SECTION 4. SEVERABILITY. If any term, provision, covenant or
restriction of this Amendment is held by a court of competent jurisdiction or
other authority to be invalid, void or unenforceable, the remainder of the
terms, provisions, covenants and restrictions of this Amendment shall remain in
full force and effect and shall in no way be affected, impaired or invalidated.

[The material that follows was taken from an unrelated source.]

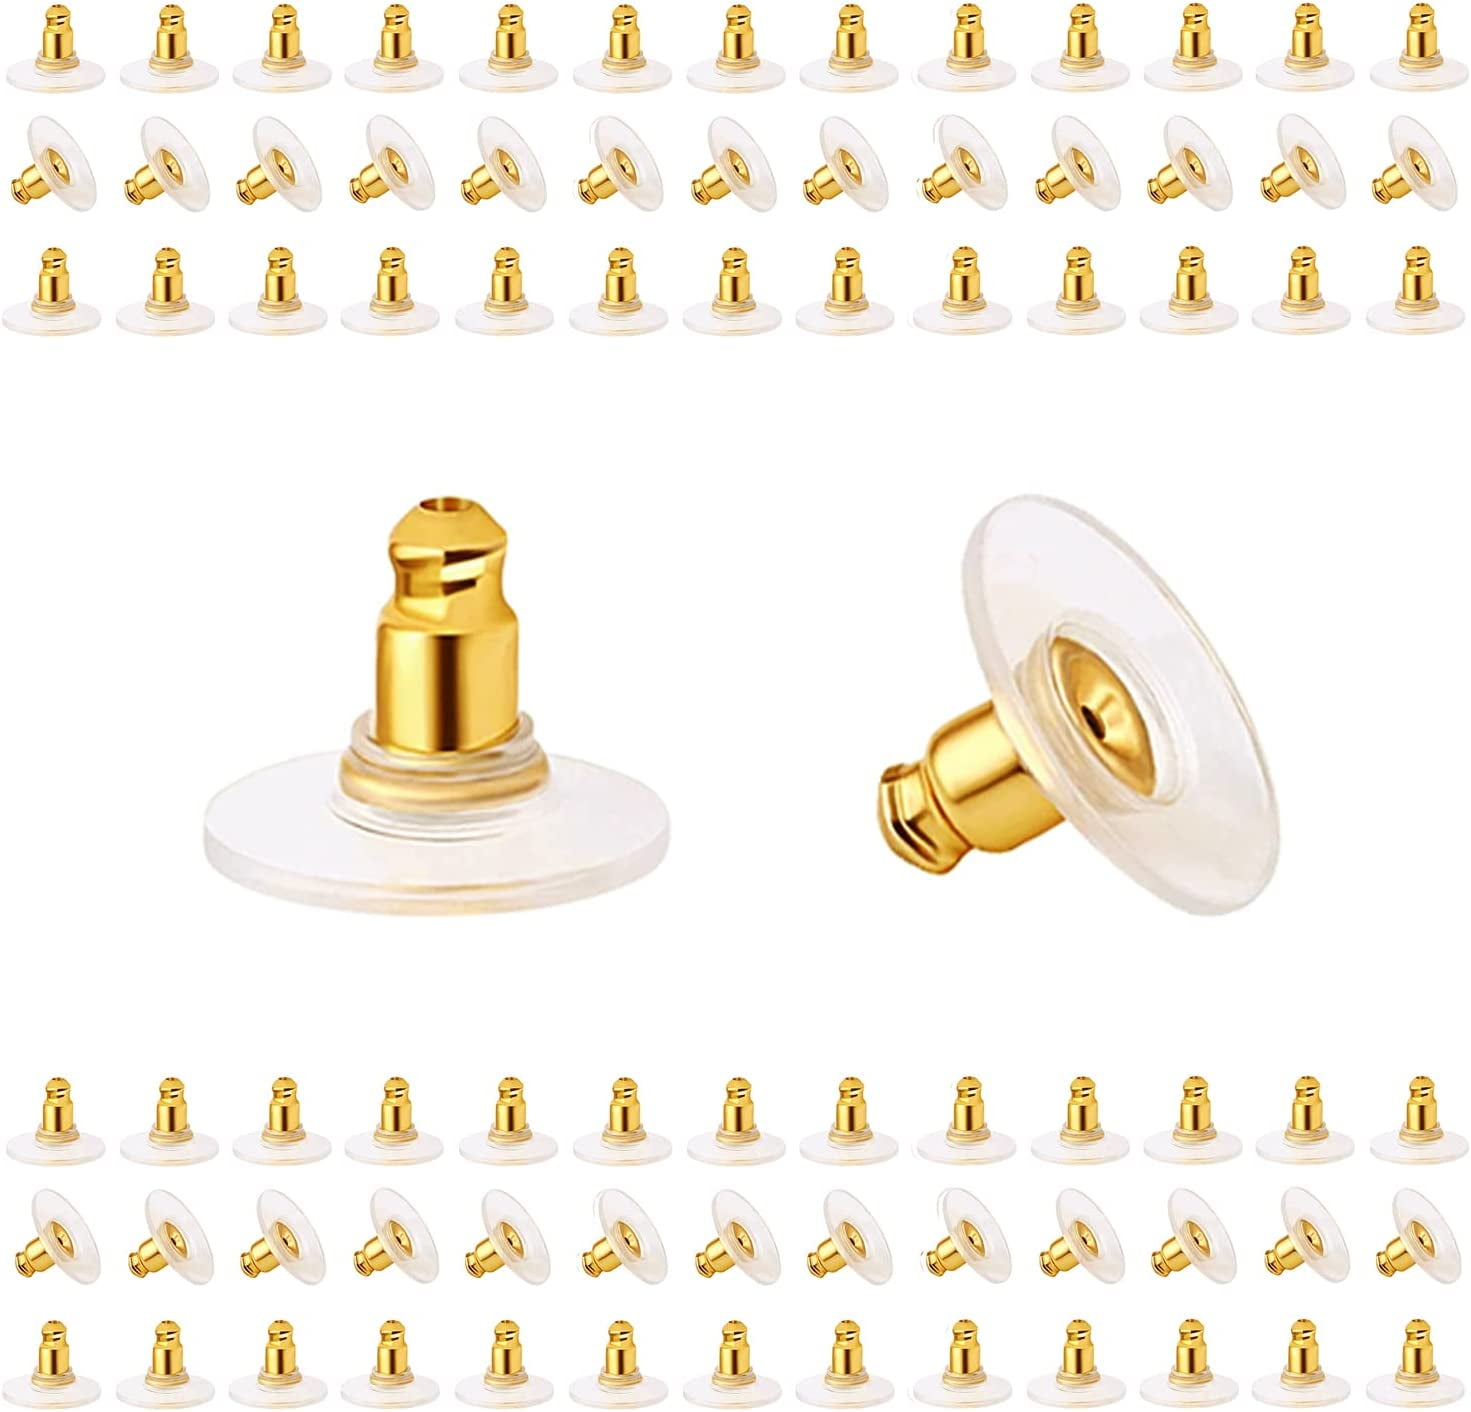 BEADNOVA Earring Backs Replacements Hypoallengeric Gold Plated Pierced  Earring Backing Stoppers Safety Bullet Clutch Earring Backs with Pad for  Posts

SECTION 5. GOVERNING LAW. This Amendment, the Rights Agreement,
each Right and each Rights Certificate issued hereunder shall be governed by,
and construed in accordance with, the laws of the State of Delaware applicable
to contracts executed in and to be performed entirely in such State.
SECTION 6. COUNTERPARTS. This Amendment may be executed in any
number of counterparts and each of such counterparts shall for all purposes be
deemed to be an original, and all such counterparts shall together constitute
one and the same instrument.
SECTION 7. EFFECT OF AMENDMENT. Except as expressly modified
herein, the Rights Agreement shall remain in full force and effect.
(NOTE: "AGREEMENT" WILL BE CHANGED TO "RIGHTS AGREEMENT" THROUGHOUT)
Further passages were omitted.